Siang ini saya agak terlambat mengajar setelah jam istirahat. Saya bergegas ke meja kerja untuk mengambil buku pelajaran dan pergi ke kelas.

Rupanya di atas meja saya ada buku presensi Kelas 1. Teman sebelah saya mengatakan bahwa ibu F menitip agar saya mengantarkan presensi tersebut ke kelas. Masalahnya siang ibu saya tidak mengajar di kelas 1 tapi di kelas lain pada bangunan yang lain juga. Kenapa harus nitip ke saya?

Mungkin Ibu F yang setahu saya adalah petugas TU mengira saya mengajar di kelas 1 siang ini. Hal ini membuat saya jadi jengkel. Maunya saya tinggalkan saja presensi tersebut di atas meja. Tapi bagaimana jika siswa mencari presensi ke TU dan ternyata presensinya di atas meja saya di kantor guru.

Walaupun sambil dongkol, sudah telat, presensi tersebut akhirnya saya bawa. Saya berjalan ke gedung kelas 1, naik tangga, dan menuju kelas paling ujung untuk mengantar presensi tersebut.

Dalam hati saya berpikir. Jika saya melakukannya dengan tidak ikhlas, maka saya tidak akan memperoleh apapun selain rasa capek. Maka saya pun mencoba ikhlas dan bersabar.

Dari gedung kelas 1 saya ke gedung kelas saya mengajar dan kembali naik tangga. Setidaknya para siswa tidak mengeluh meskipun gurunya terlambat 15 menit.

Setelah larut dalam pembelajaran saya pun sudah tidak mengingat masalah presensi lagi. Kegiatan belajar mengajar pun berlangsung seperti biasa sampai bel pulang berbunyi.

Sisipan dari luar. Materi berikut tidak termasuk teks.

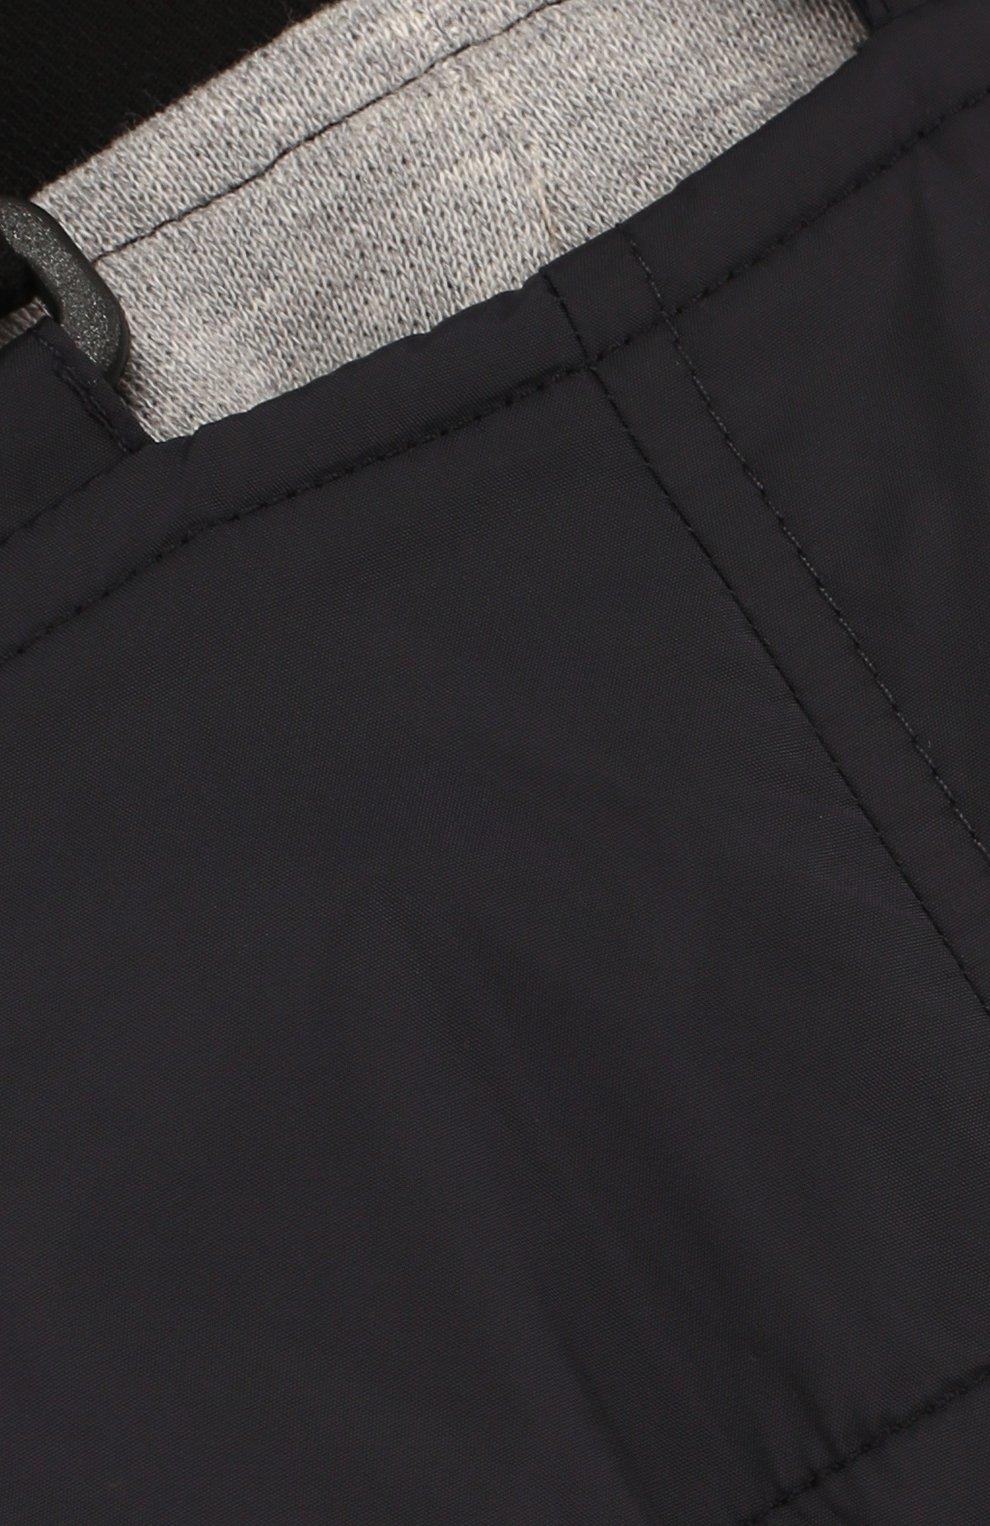 Детский комбинезон на подтяжках MONCLER ENFANT темно-синего цвета, арт. D1-951-14001-05-68352 | Фото 3

Ketika menuju kantor, saya berjalan beriringan dengan guru lain yang juga mengajar di gedung yang sama. Kami mengobrol ringan tentang metode mengajar.

Setelah sampai di kantor dan meletakkan buku di atas meja, guru yang jalan bareng saya tadi pun tersadar akan sesuatu. Ia menanyakan perihal presensi kelas 1 yang dia titipkan. Dia mengaku telah mengira saya mengajar di kelas satu. Kenyataannya saya mengajar di gedung yang sama dengan beliau tadi.

Dia benar-benar meminta maaf kepada saya karena merasa bersalah. Dia merasa benar-benar telah merepotkan saya karena ketidaktahuannya.

Tanpa sengaja dia telah membawa absensi kelas 1 ke kantor. Karena siang itu dia harus mengajar di gedung yang berbeda, maka dia sengaja menitip kepada guru yang mengajar di kelas 1. Saya memang pernah mengatakan bahwa saya ada jadwal mengajar setiap siang. Tapi bukan berarti saya selalu mengajar di kelas 1 pada siang hari.

Dia menyatakan bahwa saya pasti kesal sekali. Tentu saja saya membenarkannya. Saya ungkapkan betapa dongkolnya saya waktu harus mengantarkan presensi ke gedung yang berbeda dan harus naik tangga pula. Tapi herannya, kenapa saya mau saja melakukannya meskipun kesal.

Setidaknya saya lega sudah bisa mengungkapkan kekesalan saya tersebut. Lagi pula, saya bahkan sudah tidak ingat masalah presensi tersebut sampai dia mengungkitnya. Rasa kesal itu juga sudah hilang. Makanya saya ringan saja waktu bicara dengannya tanpa rasa marah.

Bahkan saya malah jadi mengolok-oloknya karena telah sangat menyusahkan saya. Mungkin suatu saat saya bisa merepotkannya, hehe.

Perasaan manusia memang mudah berganti. Saya senang karena bisa mmenjadi orang yang tidak mendendam. Saat masih merasa kesal, saya merasa dada sakit seperti terhimpit. Tapi setelah kejadian tersebut berlalu, saya merasa hati ini menjadi lega.

Jika dipikir-pikir sebenarnya yang membuat capek bukanlah jauhnya kaki berjalan, tapi karena rasa kesal di dada. Tapi setelah semua itu dilupakan langkahpun menjadi ringan jadinya.

Jika sudah dimaafkan, kenapa ditulis?

Bagi saya ini adalah sekedar pengingat, terutama untuk diri saya sendiri. Agar tetap bisa menjadi orang yang sabar.

Manusia adalah tempatnya salah dan khilaf. Maka jika saya berbuat salah, saya berharap orang lain pun akan ringan memaafkan saya, sebagaimana saya berusaha memaafkan orang lain.